WASHINGTON: Three researchers from China’s Wuhan Institute of Virology sought hospital care after they fell ill in November 2019, a month before Beijing reported the first patient with Covid-like symptoms, the Wall Street Journal reported.
The revelations come amid growing calls for a fuller probe on whether the Covid-19 virus may have escaped from the Chinese laboratory. It also comes on the eve of a meeting of the World Health Organization’s decision-making body, which is expected to discuss the next phase of investigation into the origin of Covid-19.
A US State Department fact sheet released by the Trump administration in January said that the researchers had become sick in autumn 2019 and displayed “symptoms consistent with both Covid-19 and common seasonal illness.”.
China reported to the World Health Organization (WHO) that the first patient with Covid-like symptoms was recorded in Wuhan on December 8, 2019.
“The US government has reason to believe that several researchers inside the WIV became sick in autumn 2019, before the first identified case of the outbreak, with symptoms consistent with both Covid-19 and common seasonal illnesses,” the report read.
The Wall Street Journal reported that the current and former officials familiar with the intelligence about the lab researchers expressed differing views about the strength of the supporting evidence for the assessment.
One person said that it was provided by an international partner and was potentially significant but still in need of further investigation and additional corroboration.
Another person described the intelligence as stronger. “The information that we had coming from the various sources was of exquisite quality. It was very precise. What it didn’t tell you was exactly why they got sick,” he said, referring to the researchers.
Recently, Anthony Fauci, a top adviser to US President Joe Biden on the coronavirus pandemic said he’s “not convinced” the deadly virus developed naturally and has called for further investigations into where it emerged.
Fauci was asked during a Poynter event, “United Facts of America: A Festival of Fact-Checking,” earlier this month about whether he was confident that Covid-19 developed naturally, Fox News reported.
“No actually. I am not convinced about that. I think we should continue to investigate what went on in China until we continue to find out to the best of our ability what happened,” Fauci, the director of the National Institute of Allergies and Infectious Diseases, said.

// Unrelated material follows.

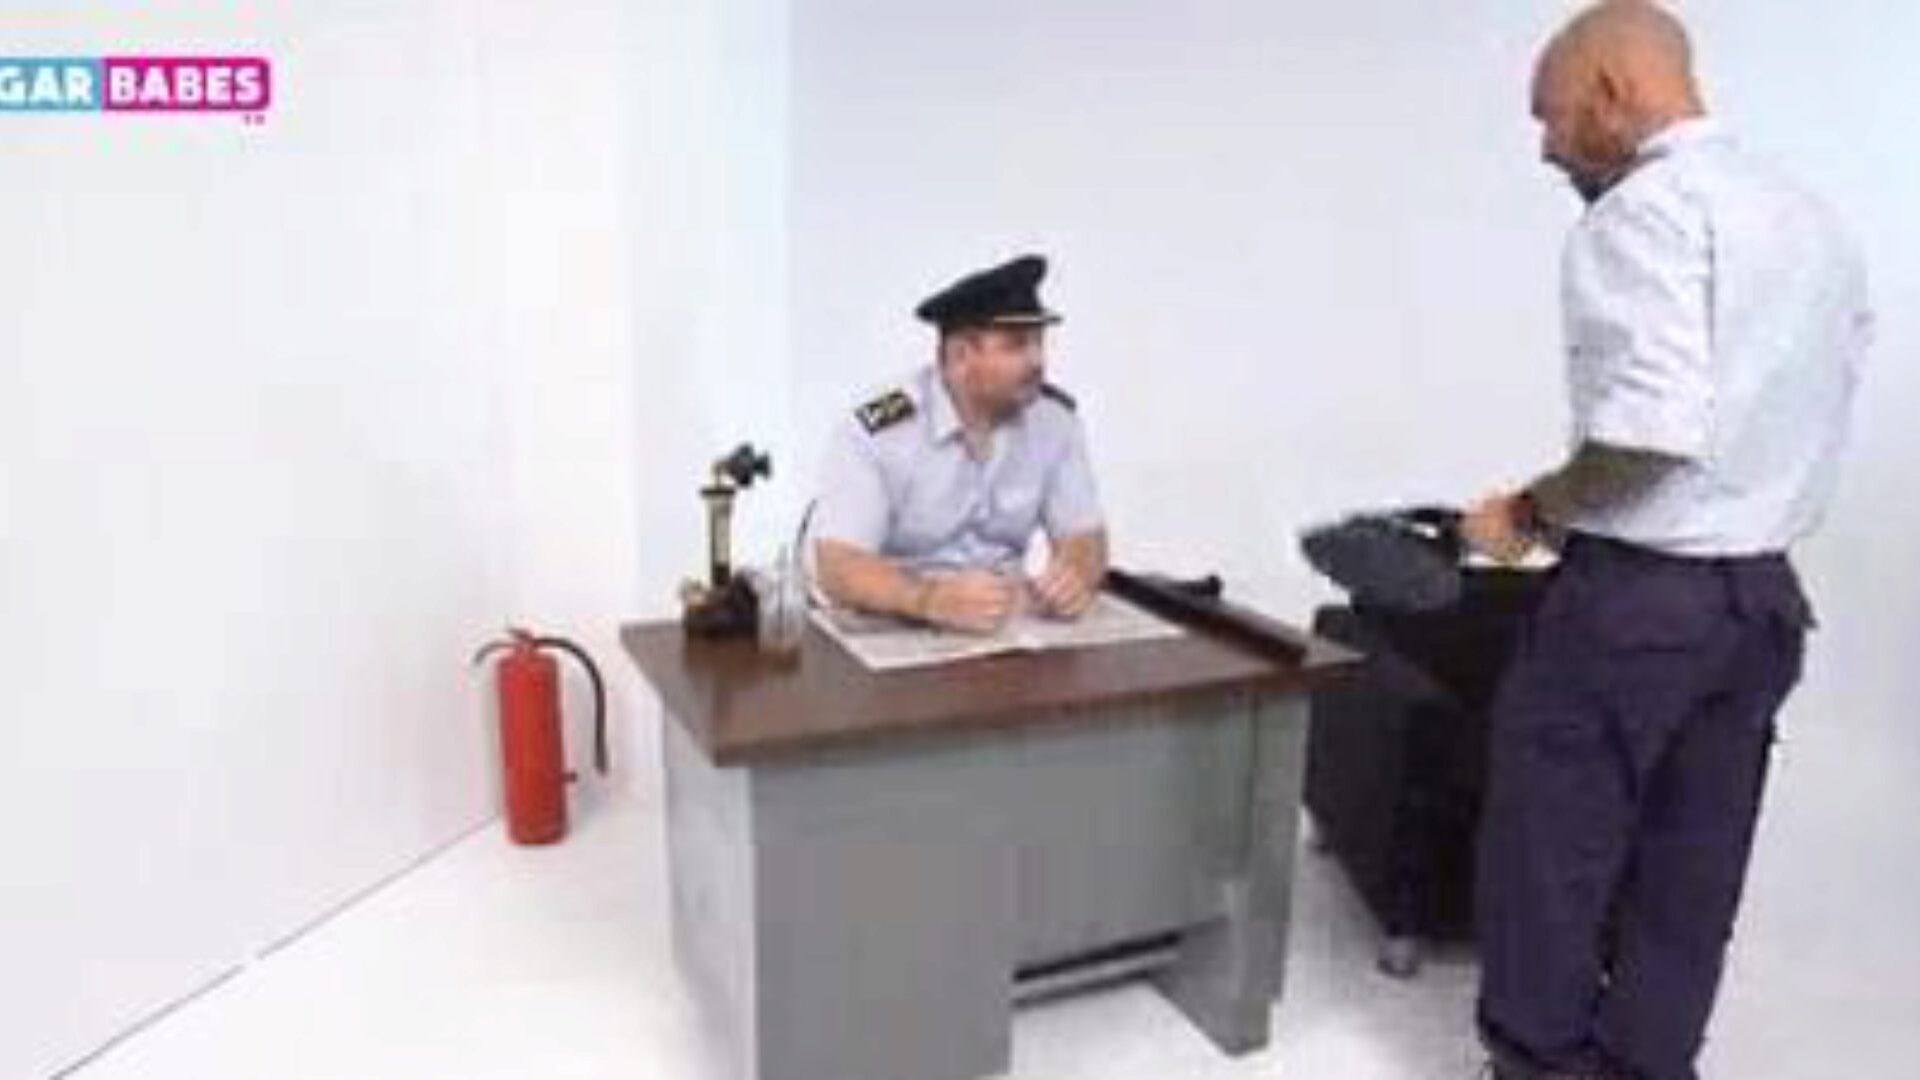 сугарбабеств: грчки полицајци лудо јебани

“Certainly, the people who investigated it say it likely was the emergence from an animal reservoir that then infected individuals, but it could have been something else, and we need to find that out. So, you know, that’s the reason why I said I’m perfectly in favor of any investigation that looks into the origin of the virus,” he added.

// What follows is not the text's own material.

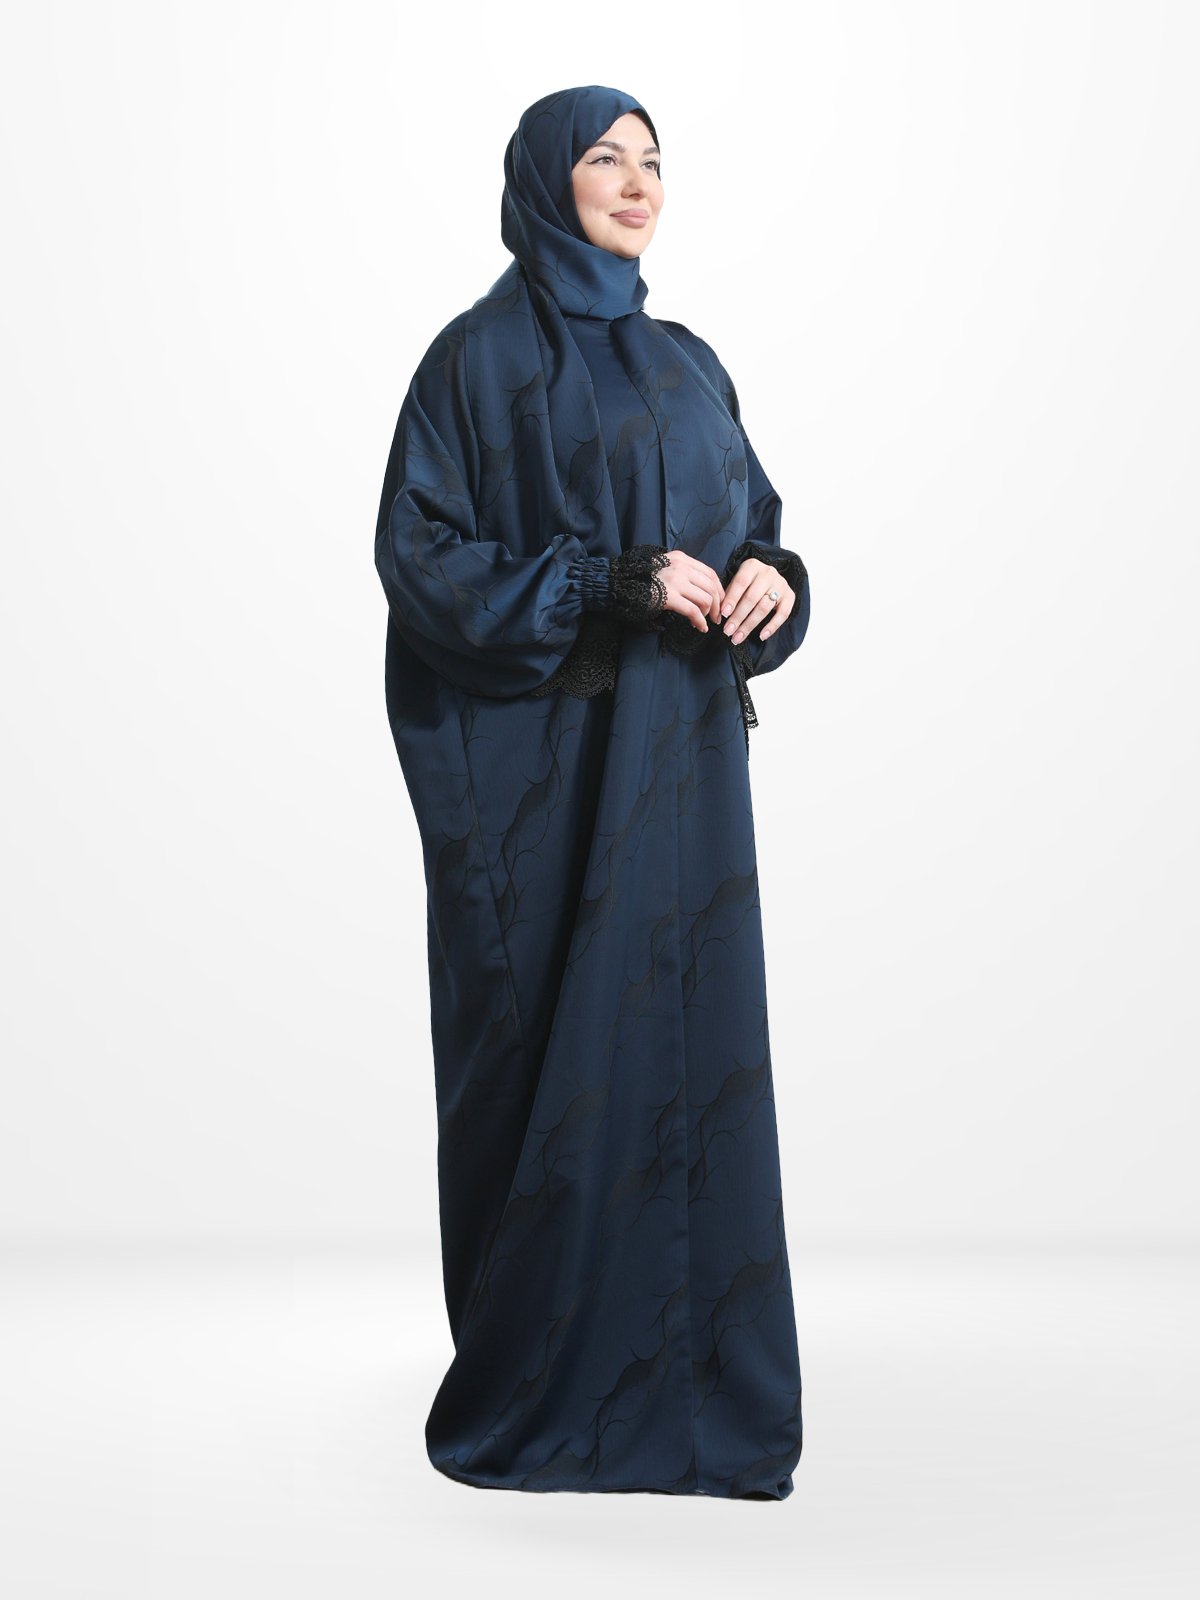 One - Piece Prayer Dress & Abaya with attached Hijab - Satin - Modest Essence

It is a reversal from his earlier position in which he dismissed theories that COVID-19 emerged from the Wuhan Institute of Virology.
Last Thursday, Republicans on the House Intelligence Committee released a report claiming there is “significant circumstantial evidence” that the coronavirus originated from a leak at China’s Wuhan Institute of Virology, and that the US government “may have funded or collaborated” in the research that led to it.
“International efforts to discover the true source of the virus, however, have been stymied by a lack of cooperation from the People’s Republic of China,” the Republicans wrote in the report.
Recently, findings in a report in an Australian daily has yet again reinforced the call that international investigators must dig deeper to rule out whether Covid-19 is a made-in-China bioweapon.
The controversy about Covid-19 origins has resurfaced after the Weekend Australian newspaper revealed that Chinese scientists were thinking about bioweapons, visualising a World War-III scenario.
The daily cited a Chinese government document that discussed the weaponisation of SARS coronavirus. Titled the Unnatural Origin of SARS and New Species of Man-Made Viruses as Genetic Bioweapons, the 2015 paper was authored by Chinese scientists, Chinese public health officials and members of the People’s Liberation Army (PLA).
China refused to give raw data on early Covid-19 cases to the WHO-led team probing the origins of the pandemic. Beijing has been accused of delaying access to international investigators for months after the initial outbreak, virtually guaranteeing that the lab had been deep-cleaned before any forensic analysis could be done.
Last month, the US Secretary of State Antony Blinken launched a scathing attack against China for a lack of transparency during “the early stages” of the coronavirus pandemic and called for a more thorough investigation into the origins of Covid-19.
Blinken’s remarks came following the publishing of a joint inquiry by the World Health Organization and China in March.
The inquiry did not conclusively establish how or when the virus began spreading and did little to address Western concerns that the Chinese Communist Party bent the investigation to its advantage.
The WHO report determined that the possibility the virus came from a lab was “extremely unlikely,” noting there was “no record” any lab had closely related viruses.
The probe was criticised by the US, UK, and other governments over its limited access to “complete, original data and samples.”
The organization was also accused of being overly deferential to China throughout the course of the study, which was co-authored by 17 Chinese scientists — several of them from state-run institutions.